穆牧一個人茫然地走著,不知道走了多久,也不知道目的地是哪里,他只是慢慢向前m0索。
走得夠久了,他來到一間獨棟的木造屋子前,熟悉的景象,讓他沒有懷疑就推門進去,當他看到神案前的祖先牌位時,馬上就在大廳中央跪了下來。
這里是穆家的祠堂。
以前,只要犯了錯,爹娘都會罰他跪在這里悔過,現在,他沒有過錯也一樣跪著,再沒有任何時候b此刻更渴望祖先的啟示了。

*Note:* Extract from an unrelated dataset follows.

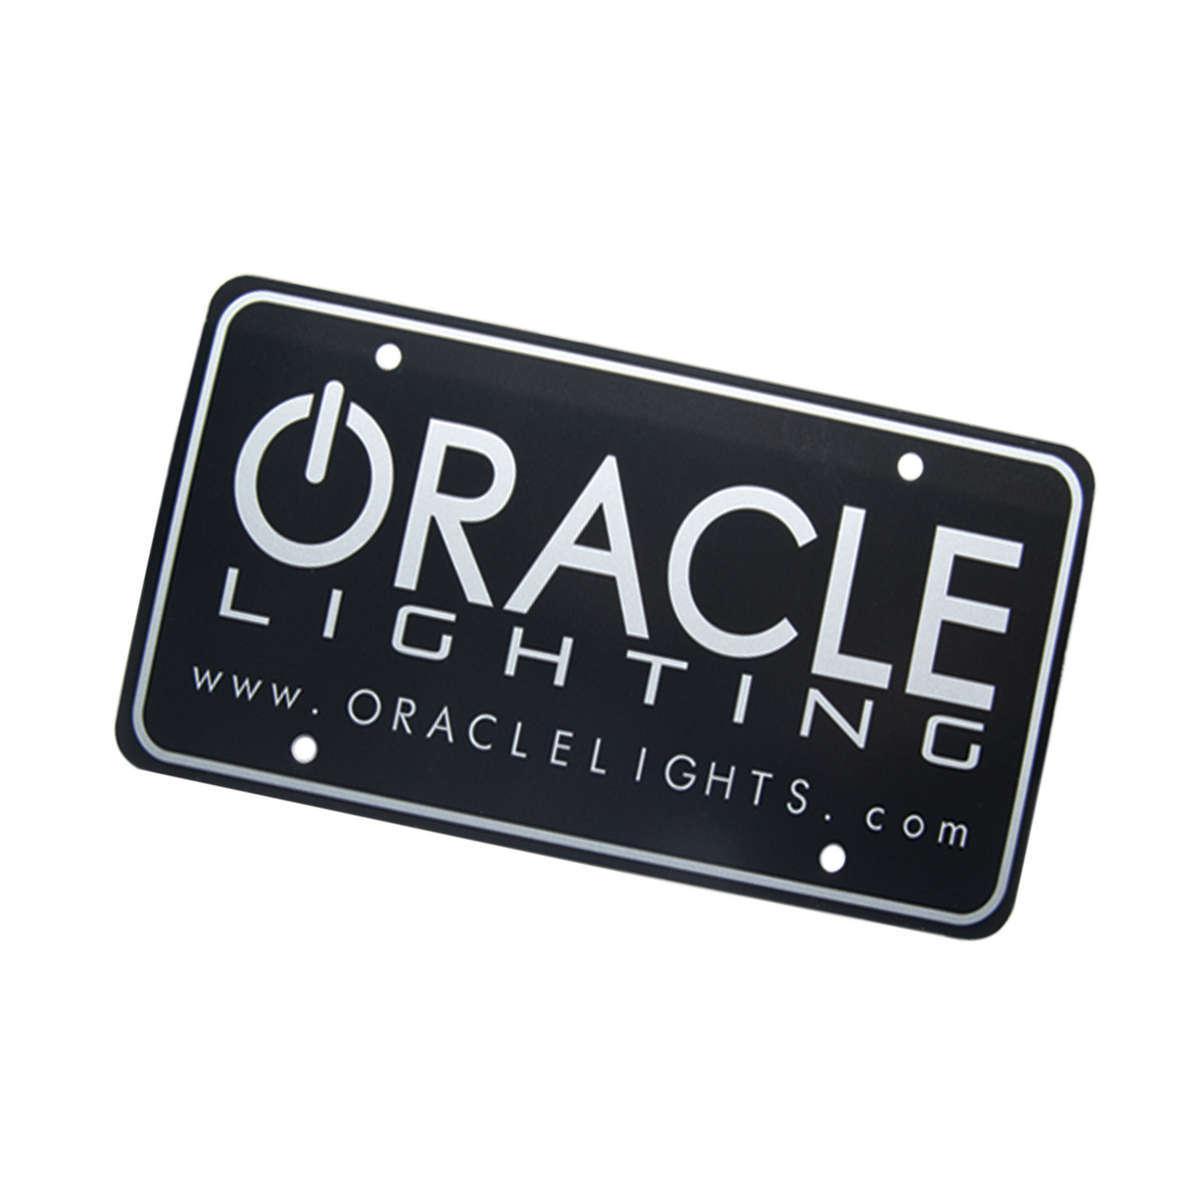 Oracle Lighting Lighting License Plate Plate

穆牧抬起頭來,看見了母親坐在神案旁邊的木椅上,向他招手。
「娘!牧兒好想您……。」穆牧膝行肘步,快爬著伏在母親的膝上。
母子倆緊緊相擁,才過沒多久,整間屋子突然震動起來,接著火光四起,祠堂著火了。
穆牧更是抱緊了母親,但是母親卻一再推著他,將他推了出去。
「牧兒不能一刻沒有母親!」
這兩天的時間,他遭人挑釁,還受了傷,想去臨安又沒有錢,少了母親的安慰,就全是擔心害怕,這樣的日子,穆牧已經撐不下去了,他不停地搖頭,不愿意分離,左手才被推開,右手又搭了上去,四周墻壁被燒得啪啦作響,就要被大火吞噬了,他還是執意要待在母親身邊,多一刻也好。
最後,穆母拉起穆牧的右手,塞了件東西到他手里。
穆牧定睛一看,正是那個繡著牡丹花的錦囊。